According to Creedon, many of the large IMOs are partnering with a few large technology vendors, including Agencyworks (Salt Lake City, Utah) and E-Z Data (Pasadena, Calif.), to create and develop client management systems. "Those vendors have the capability to build upload systems so that the large IMOs can complete or partially complete life applications online and transmit them through these vendor applications to the carriers," says Creedon. "So we need to be able to accept those feeds into our business systems internally," she continues.

According to Datamonitor's Blomquist, as insurers consolidate and expand, agencies will keep pace. "So, in terms of technology," he says, "the larger agent networks, in many cases, will already have their own management systems in place, and insurers will need to cater to them."

The key to a successful carrier/producer relationship is partnering, according to Scott Hudson, partner, Bridge Strategy Group, a Chicago-based business advisory group. "The way to accomplish true integration with your producers, rather than dictating all of these technology and process requirements to the agency, is working in partnership with them, so even if you may not operate a wholly owned, dedicated distribution system, you are viewed as a meaningful partner to that organization and are aware of the requirements and constraints that are being made inside that agency," he explains. This type of integration affords the producer a holistic view of how the carrier runs its business, which can only benefit client relations, Hudson continues. "If you are an agent, you need not be directly involved in claims handling, but you do need to retain clients, so you must stay aware of the claims and underwriting processes to ensure that it is being handled in a fair and timely manner," he asserts.

Linking producers more closely to the claims and underwriting arms of the business means making claims and underwriting data readily available - and easy to transmit and receive. "We are focusing on IMOs that already have very extensive client management systems where they house data about their end customers," relates JPF's Creedon. "If we build our system with the ability to interface with that client management system, it eliminates duplicate efforts on the IMOs' part," she adds.

Standards Exchange

According to Russell Pass, partner, Bridge Strategy Group, one way to cultivate strong independent channel relations is with the use of industry standards. "Standards are an important tool because in dealing with multiple carriers, the last thing producers want is to have to interface differently with each carrier," he says.

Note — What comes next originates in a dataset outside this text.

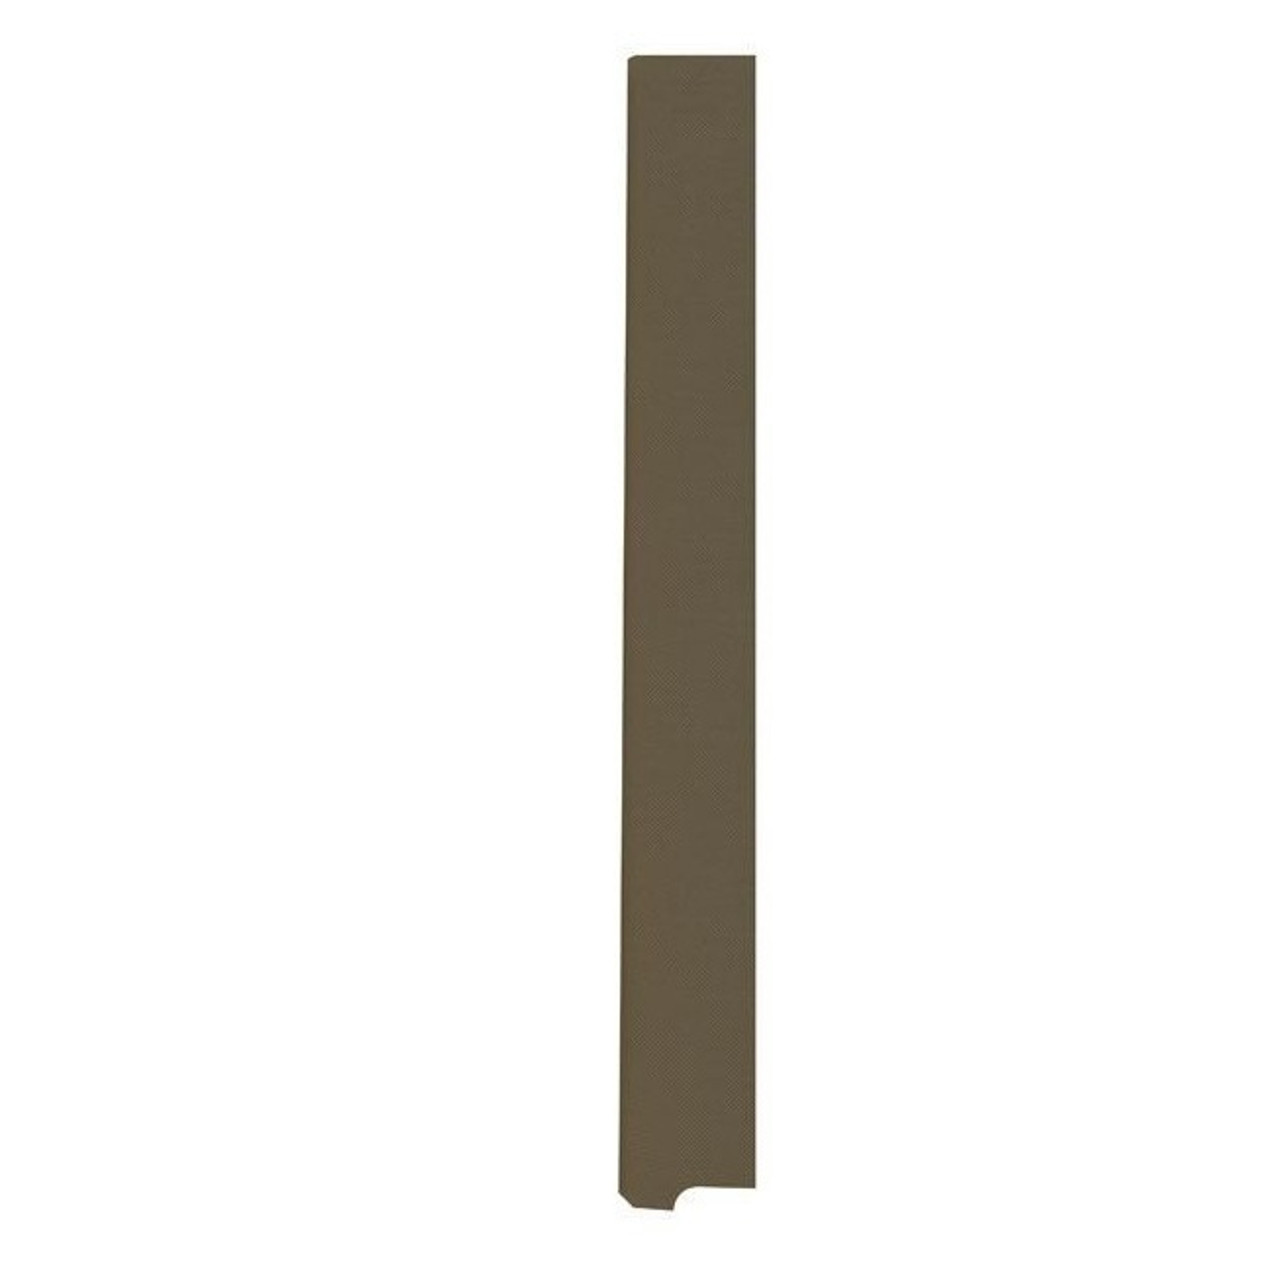 4760 Fuse Box Diagram Fuse Box Circuit Edmiracleco – John Deere 4755 Fuse Panel Diagram

The increasing use of standards can be seen throughout the industry, even with carriers that are less hard-pressed to become universally compatible. Appleton, Wis.-based Thrivent Financial for Lutherans ($65.4 billion in assets under management in 2004), which distributes life insurance, annuities and disability income insurance through a wholly owned wholesale channel, recently invested in New York-based relationship management software provider G2X's Agility:Insurance Web-based wholesaling application, which is built on ACORD industry standards.